Dames of Malta refers to either the female Protestant fraternal order known as Ladies of the Knights Hospitallers of St. John of Jerusalem or to female members of the Roman Catholic Sovereign Military Order of Malta (Sovereign Hospitaller Order of St. John of Jerusalem of Rhodes and of Malta).

==Protestant order==
This secret fraternal order, also known as Ladies of the Knights Hospitallers of St. John of Jerusalem, was originally named Ladies of Malta. In 1902, it was consolidated with the Daughters of Malta, and assumed the name "Dames of Malta." These Dames are an auxiliary to the Ancient and Illustrious Order Knights of Malta. Their governing body is known as "Zenodacia," the branches are called "Sisterhoods" and are under the jurisdiction of the Supreme Grand Commandery of the Ancient and Illustrious Order of Malta.
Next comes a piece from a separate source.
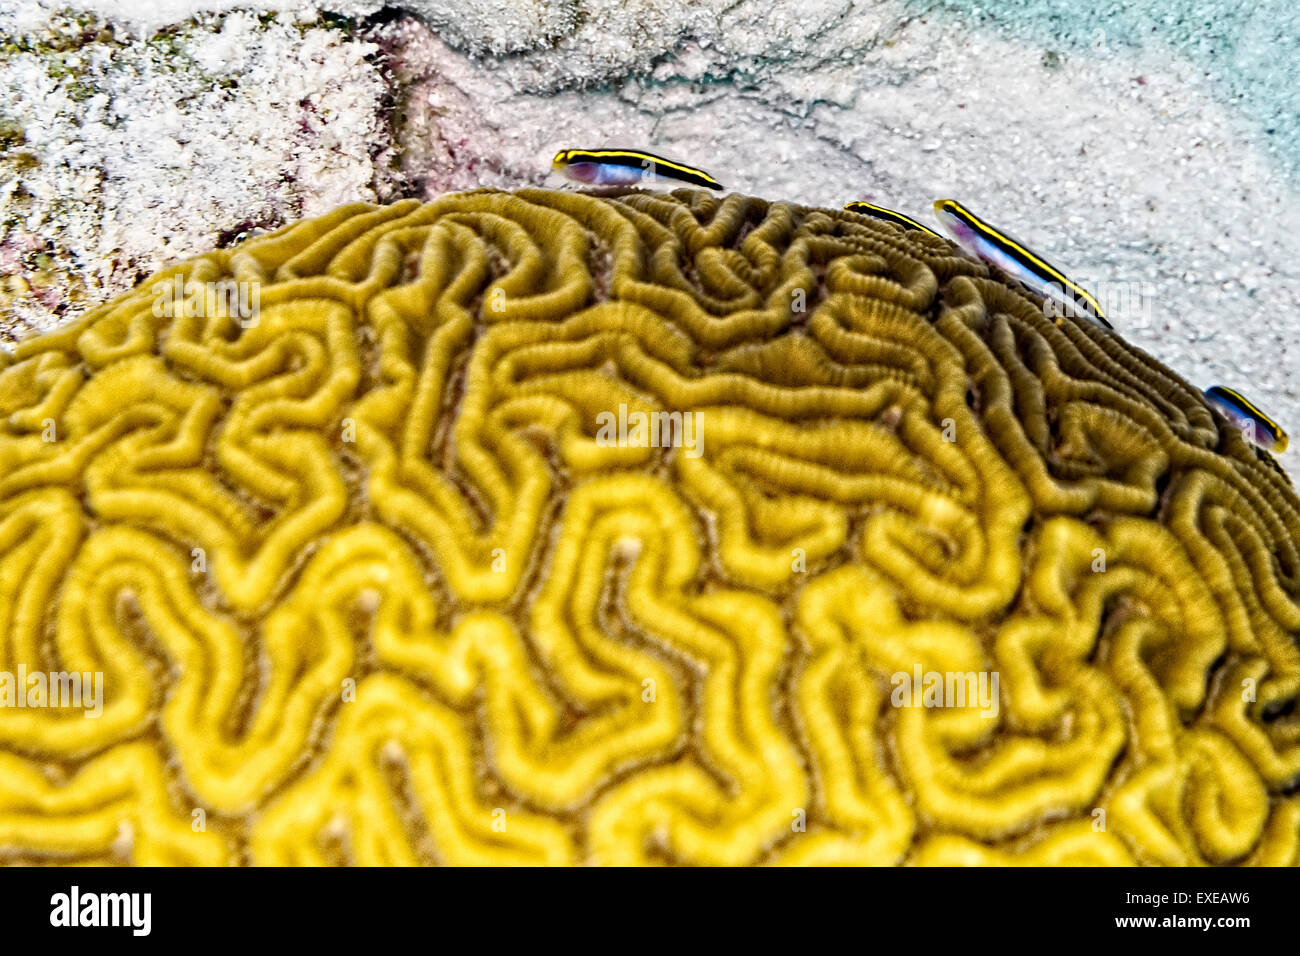 Colin's Cleaning Gobies on a Grooved Brain Coral at Sharon's Serenity in Klein Bonaire, Bonaire Stock Photo

Candidates for membership must be "white female Protestants, over sixteen years of age, not married to a Roman Catholic, able to write and speak the English language, competent to pursue some useful occupation, believers in the doctrines of the Holy Trinity as expressed in the Apostles' Creed."

The "ritualistic work" of the Order unfolds "the marvelous history of its glorious past [the Order claims to be the direct descendant of the ancient Sisterhood of the Hospitallers Dames of Jerusalem] and "the deep religious significance of its institution", and glories in "the fact that it is the only Knightly Order having one Universal Password that admits to all Council Chambers around the Globe." In 1924, the membership of the Dames of Malta was 28,000. In 1978, the membership was over 5,000. The headquarters were at 1345 Arch St., Philadelphia, Pennsylvania.

==Roman Catholic order==
Notable female members of the Sovereign Military Order of Malta include:

- Genevieve Garvan Brady, Papal Duchess, Dame of the Order of the Holy Sepulchre, holder of the Cross Pro Ecclesia et Pontifice
- Anne M. Burke
- Bernadette Castro
- Mary Higgins Clark
- Marianna, Dowager Viscountess Monckton of Brenchley, served as High Sheriff of Kent (1981–82); widow of Gilbert Walter Riversdale Monckton, 2nd Viscount Monckton of Brenchley
- Marie-Louise Coleiro Preca, Maltese politician; president of Malta (2014 to 2019) and president of Eurochild (since 2019)
- Virginia A. Dwyer, director and deputy chairman of the Federal Reserve Bank of New York; chairman of the board of trustees of the University of Rochester
- Clare Boothe Luce, American playwright and political activist
- Marie-Christine, Princess Michael of Kent
- Marie Isobel, Countess Cathcart
- Princess Maria Ludwiga Theresia of Bavaria
- Janne Haaland Matláry
- Patricia Mary, Lady Talbot of Malahide (née Riddell)
- Mary McShain (née Mary J. Horstmann), great-niece of Bishop Ignatius F. Horstmann (the third Bishop of the Diocese of Cleveland); widow of businessman John McShain
- Regina A. Quick, American philanthropist
- Sharon Rich, American author
- Karen Garver Santorum, American nurse and activist; wife of United States Senator Rick Santorum (R-PA)
- Phyllis Schlafly, American constitutional lawyer and conservative activist
- Princess Urraca of Bourbon-Two Sicilies
- Csilla von Boeselager, Hungarian philanthropist; founded the Hungarian Maltese Charity Organisation (Ungarischer Malteser Caritas Dienst)
- Elisabeth von Thurn und Taxis, German journalist, author, socialite, and art collector
- Gloria von Thurn und Taxis, German socialite, businesswoman, Catholic activist, art collector

===Others===
- Emma, Lady Hamilton (1765-1815) was awarded the Order of Saint John of Jerusalem (Maltese Cross), order of the Russian Empire named after Saint John the Baptist, by Emperor Paul I of Russia for her aid to blockaded Malta. Lady Hamilton was the first English woman to be invested as a Dame of Malta.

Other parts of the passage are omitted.